Sunshine: The Healing Power of Nature
- Dr. Gio Feliciano

- Mar 10
- 12 min read
As we continue with the series Health Beyond the Plate, today we'll explore the power of sunshine and nature therapy. To help you understand what nature therapy is, I want to share real examples from my own life and the science that now explains what I experienced intuitively for years.
Growing Up Close to the Earth
I grew up in Puerto Rico, in a small coastal town on the quieter side of the island. I enjoyed having animals, walking through my grandfather's land planted with plantains, and dreaming about how beautiful life was.
Even as a child, I found myself thinking about how to make the space around me better, more alive. Sometimes I walked from school to my grandma's house and crossed through my grandfather's land. I was a good student, but most of the time I heard teachers tell my mom: "He's a good boy, but he can't sit still — he moves like he has ants in his pants!" For me, that didn't mean anything. I felt fine.

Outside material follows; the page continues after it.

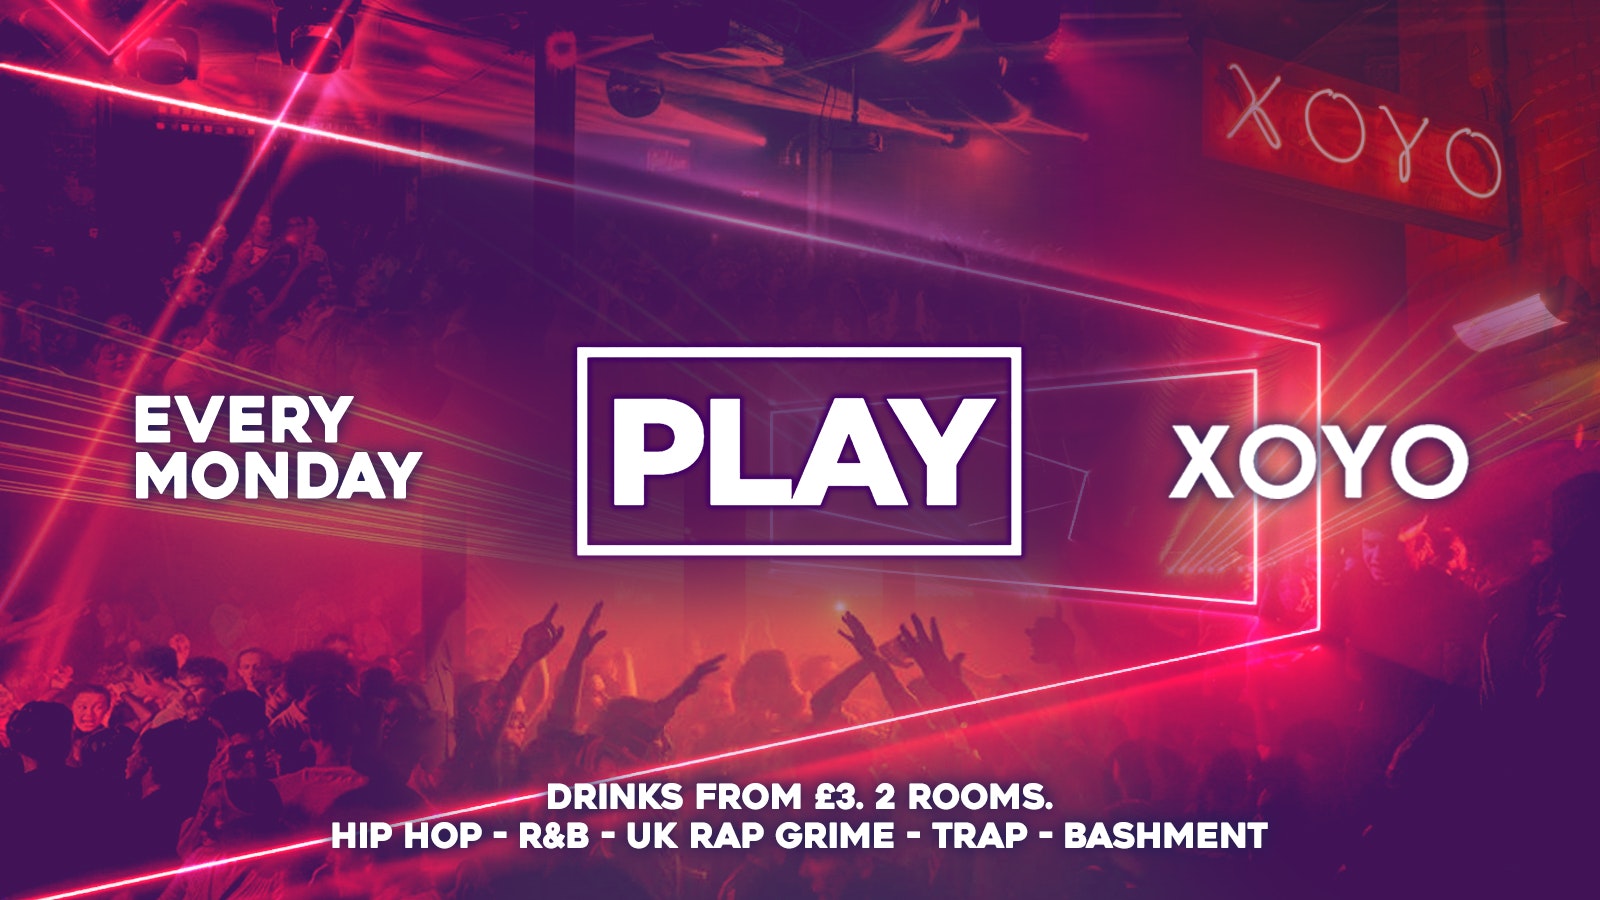 Play @ XOYO – The Biggest Weekly Monday Student Night in London! – 11th July 2022 🔥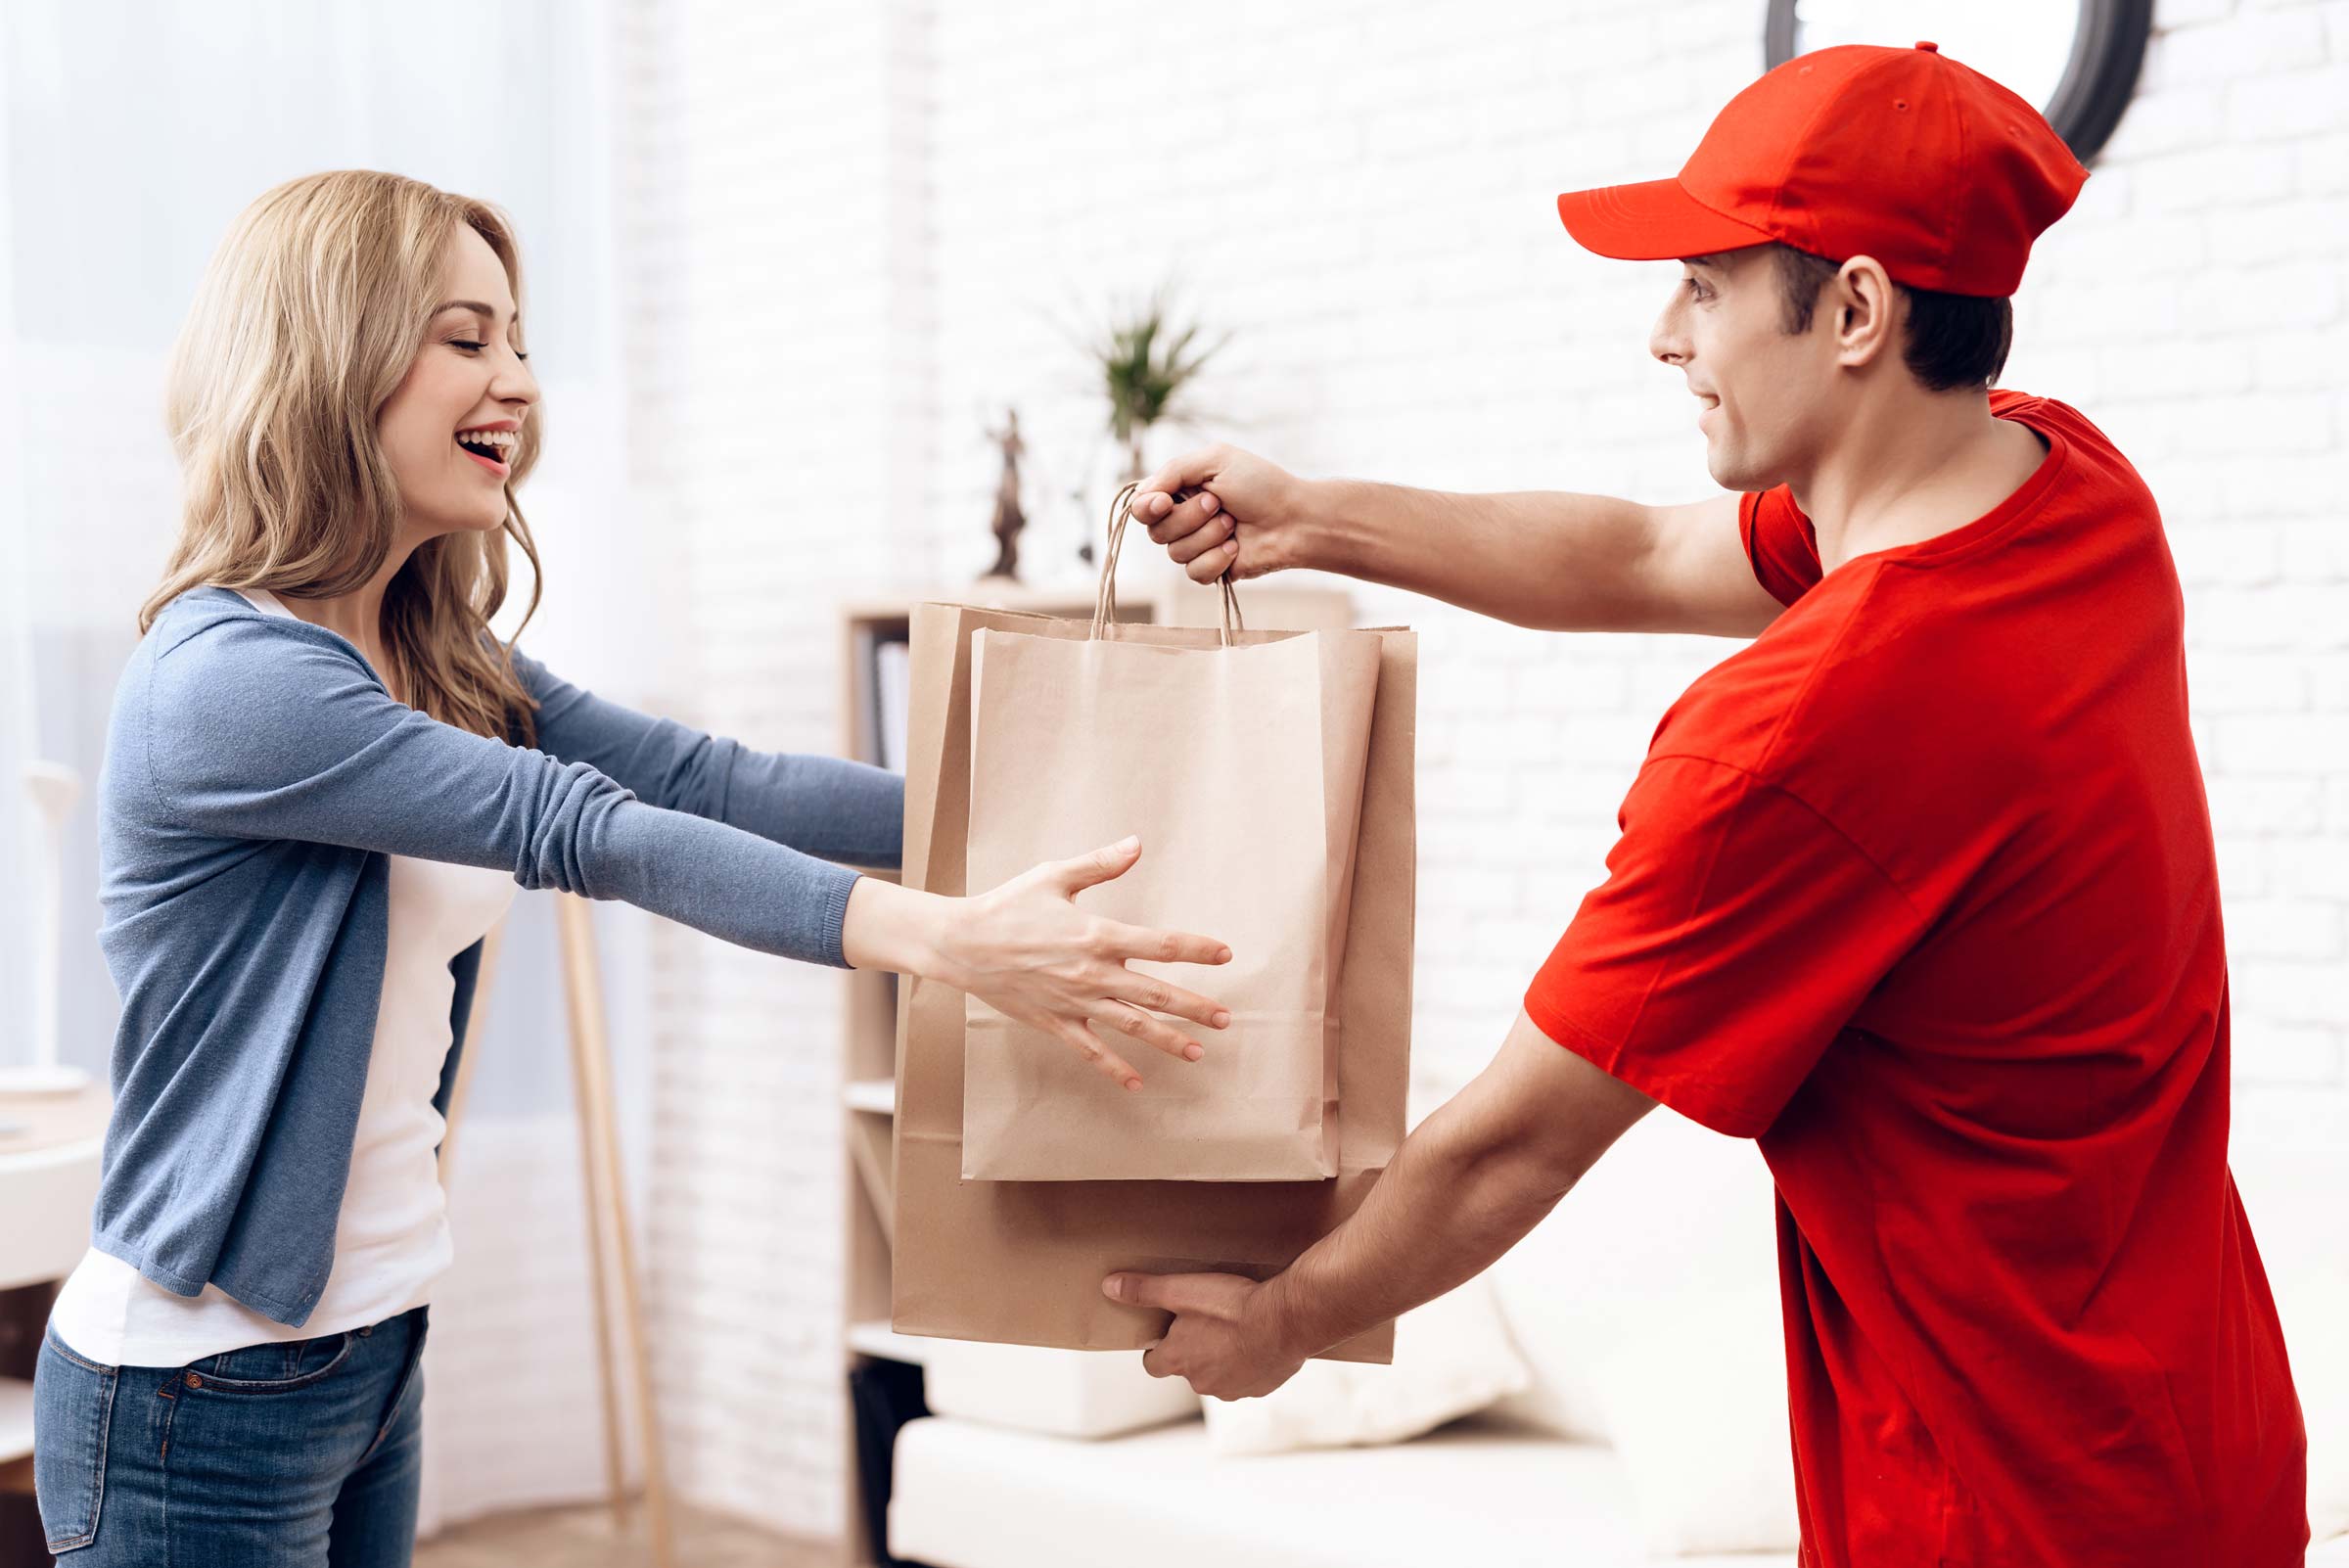 Financial Considerations When Using Third-Party Delivery Services

My mom encouraged me to sit in the front row so I could focus, and I did. I learned, but I didn't stop moving. When I arrived home, I played outside, then did my homework. Sometimes I was running around while my mom reinforced school materials. I continued being a smart boy with good grades.
I remember going outside after studying indoors. I just felt the need to be outside.
When I entered university, I brought my notebooks to the yard and studied outside. I learned faster, retained more information, and recalled facts more easily.
Now stay with me, because science has shown there's a real reason for all of this.
A Difficult Season Away from Nature
When I entered medical school in a foreign country, I stopped spending time outside. I felt depressed, far from my home.
I remember spending many hours in a small studio apartment with two windows close to the ceiling, higher than my height. I had no view. No trees. No sky.
When I felt I needed to do something different, I played video games. I chose one where the character walks through nature and jumps over obstacles. Somehow, after playing for about 20 minutes, I could go back to studying and focus more easily.
After two years, I moved to a bigger house with windows all around, tree views, and a terrace in the back. I started running through the neighborhood. I took one full day of rest each week, went to church, and socialized more. I even went camping in the high mountains, with no technology and barely any time indoors.
In medical school, I started to have more success in every area. My life was returning to the joy of being myself.
The Science Behind Sunshine and Green Spaces
So what was happening in my body during those seasons — when I felt focused and alive outside, and depleted when I was cut off from the sky and trees? To understand why spending time outdoors is so powerful, we need to look at two things: what sunshine does directly to your biology, and what natural spaces do more broadly. Green environments bring more than just light: fresh air, diverse microbiota, natural sounds, and visual patterns that all work together to support your physiology.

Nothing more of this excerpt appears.